**Data for analysis:**
────────────────────────────────────────
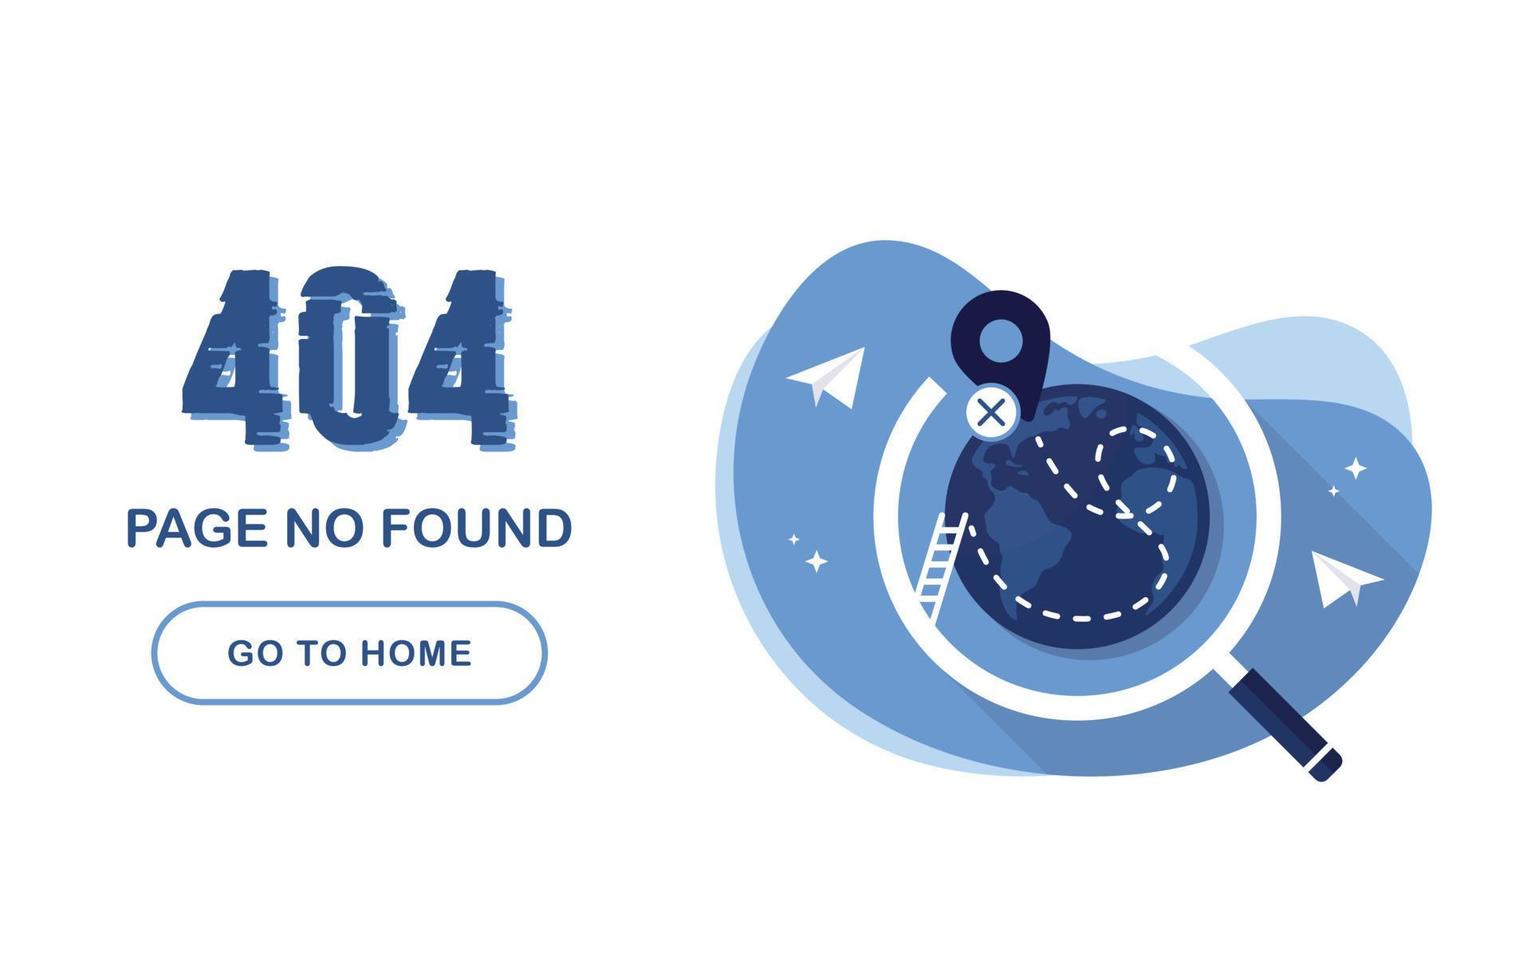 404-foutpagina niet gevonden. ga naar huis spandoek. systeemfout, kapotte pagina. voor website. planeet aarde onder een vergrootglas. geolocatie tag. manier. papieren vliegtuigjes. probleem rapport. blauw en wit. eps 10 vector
────────────────────────────────────────
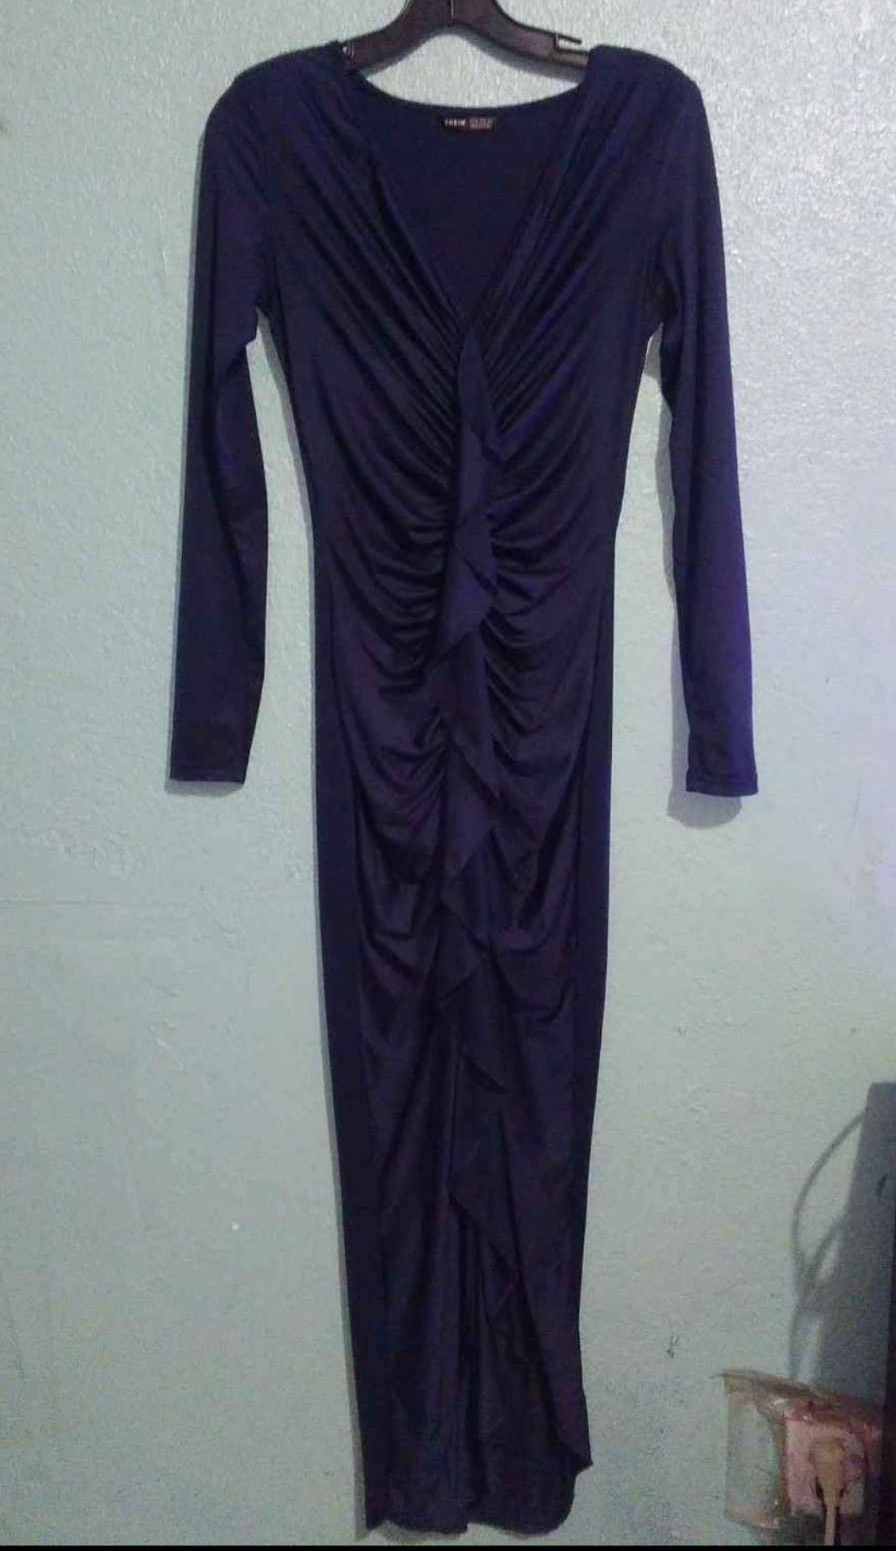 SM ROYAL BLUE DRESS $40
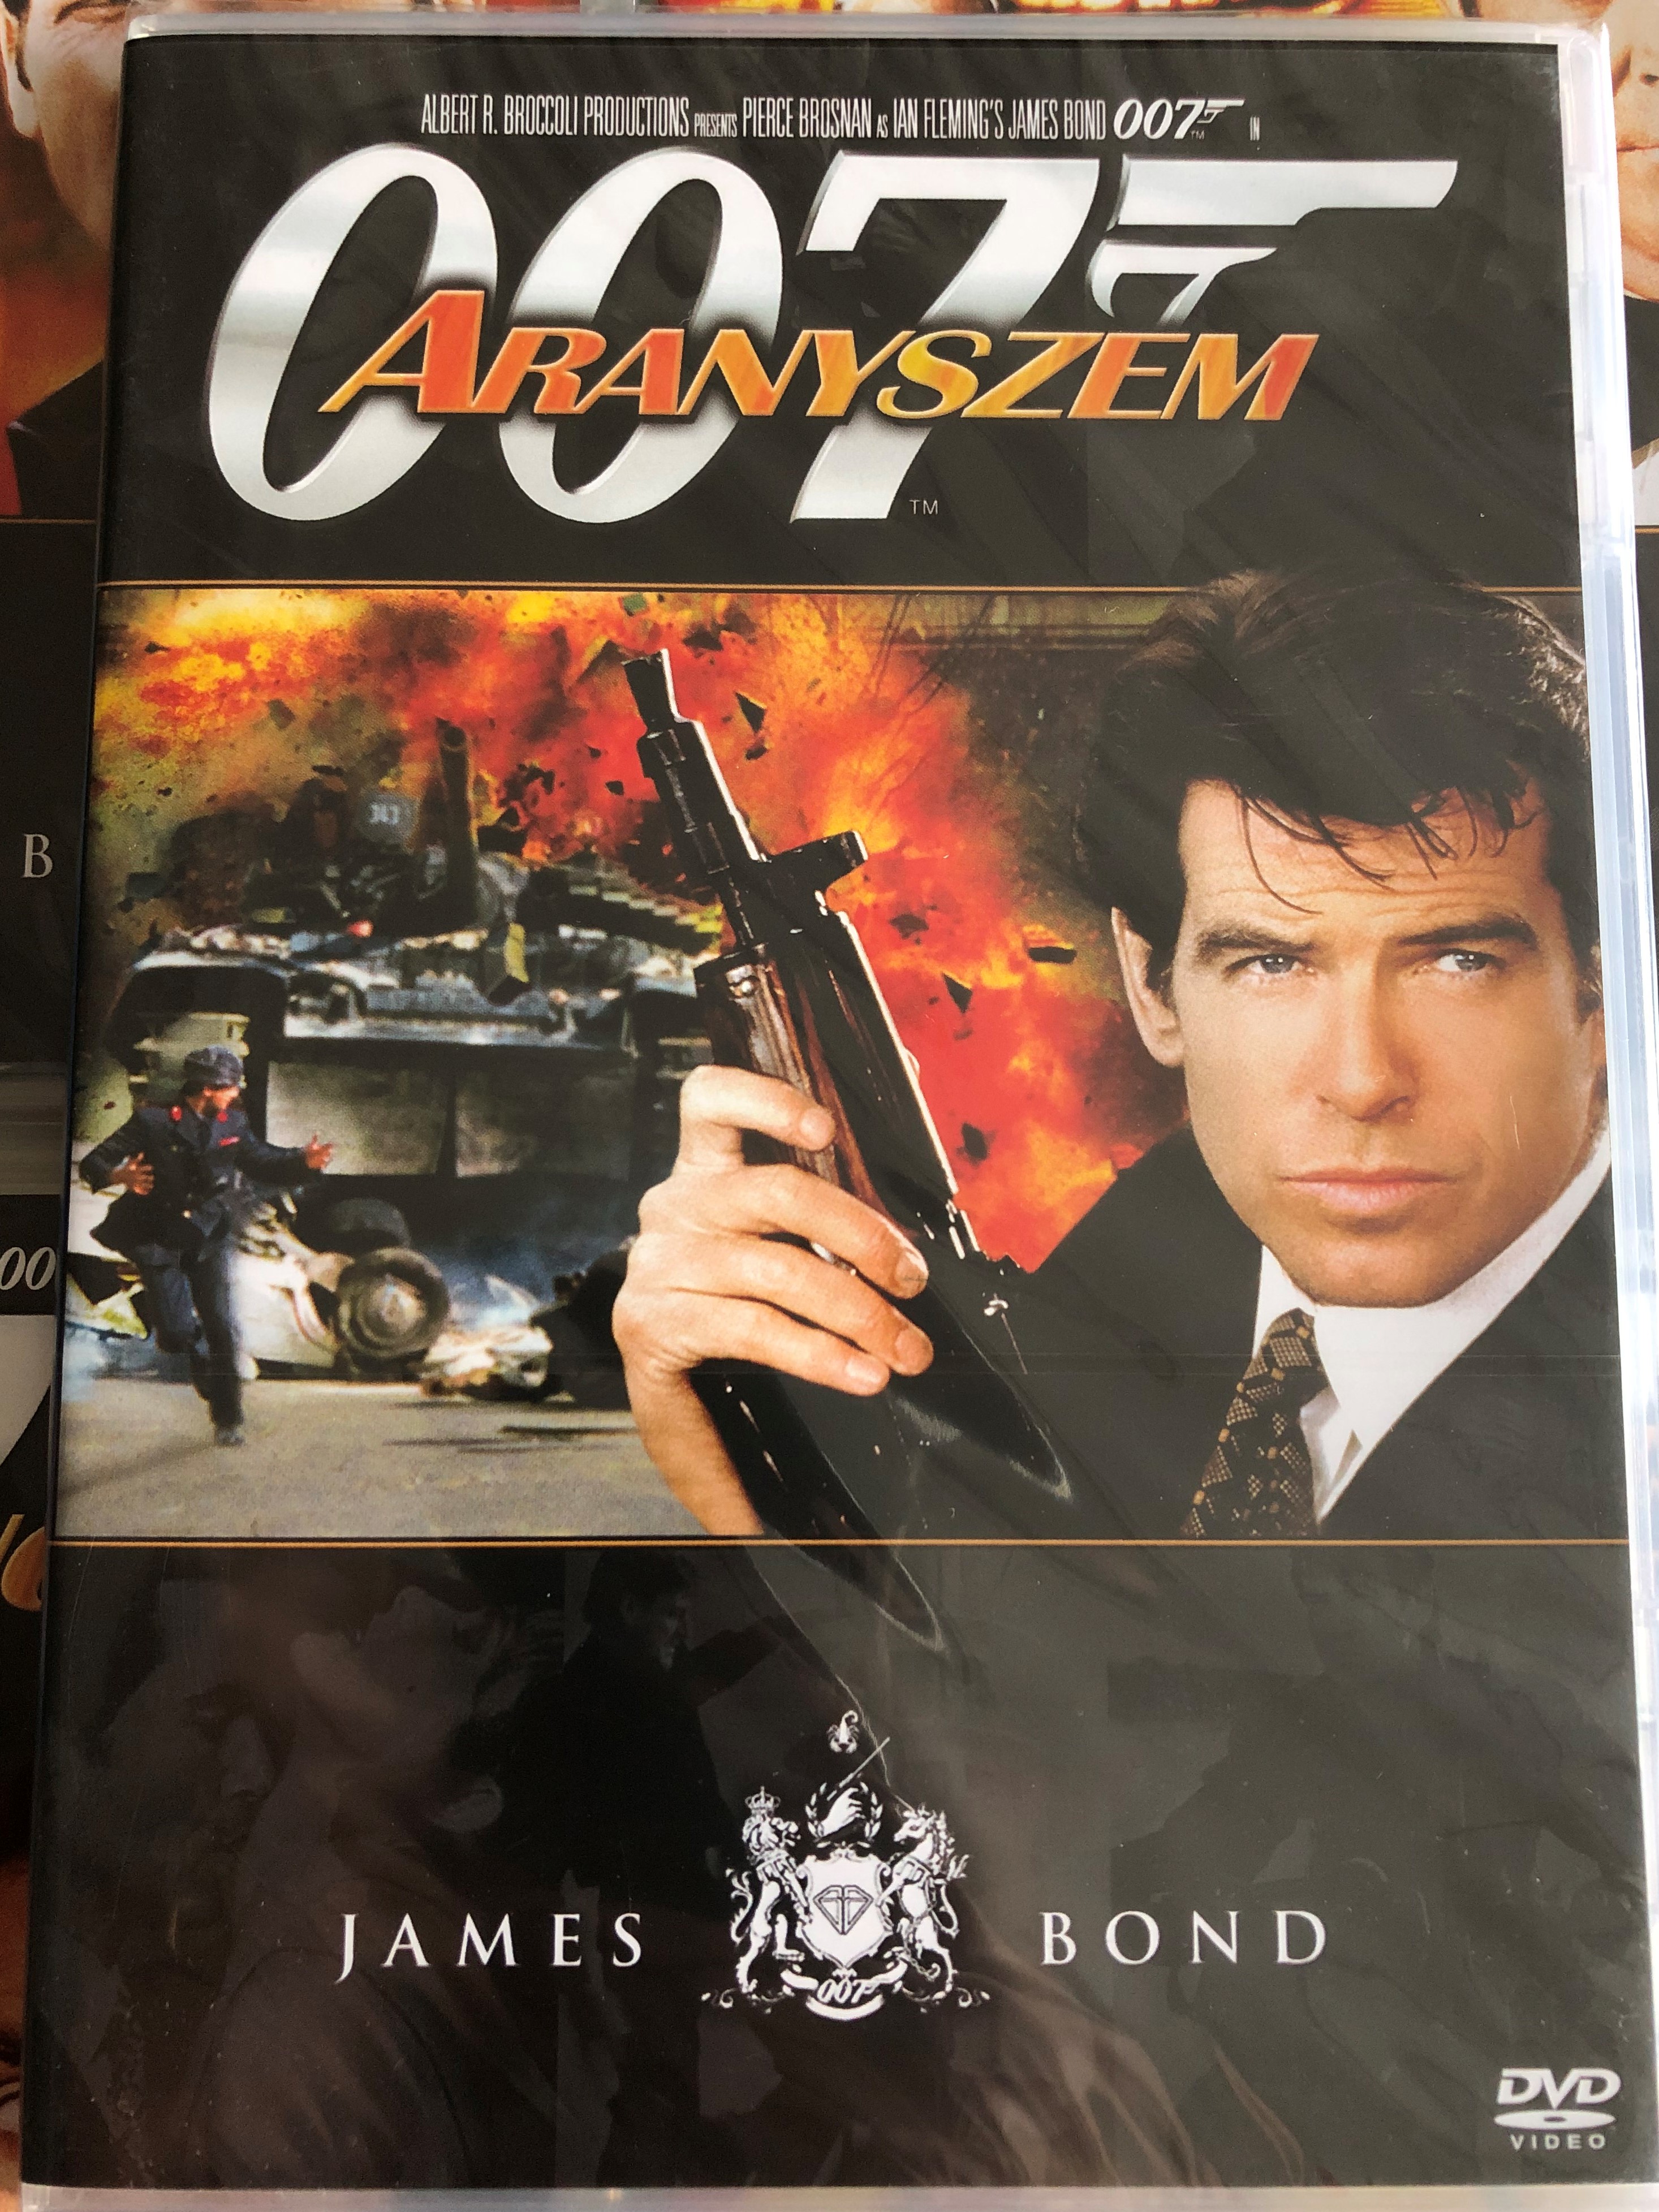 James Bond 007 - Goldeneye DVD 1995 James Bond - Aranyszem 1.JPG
────────────────────────────────────────
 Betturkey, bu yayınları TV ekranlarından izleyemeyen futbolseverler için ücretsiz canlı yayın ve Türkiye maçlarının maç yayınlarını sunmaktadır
────────────────────────────────────────
**Problem details:** Pictures excluded, transcribe the listing above exactly from the line with "SM ROYAL BLUE DRESS $40" through the line with "James Bond 007", and no further.

**Response below:**
 SM ROYAL BLUE DRESS $40
 James Bond 007 - Goldeneye DVD 1995 James Bond - Aranyszem 1.JPG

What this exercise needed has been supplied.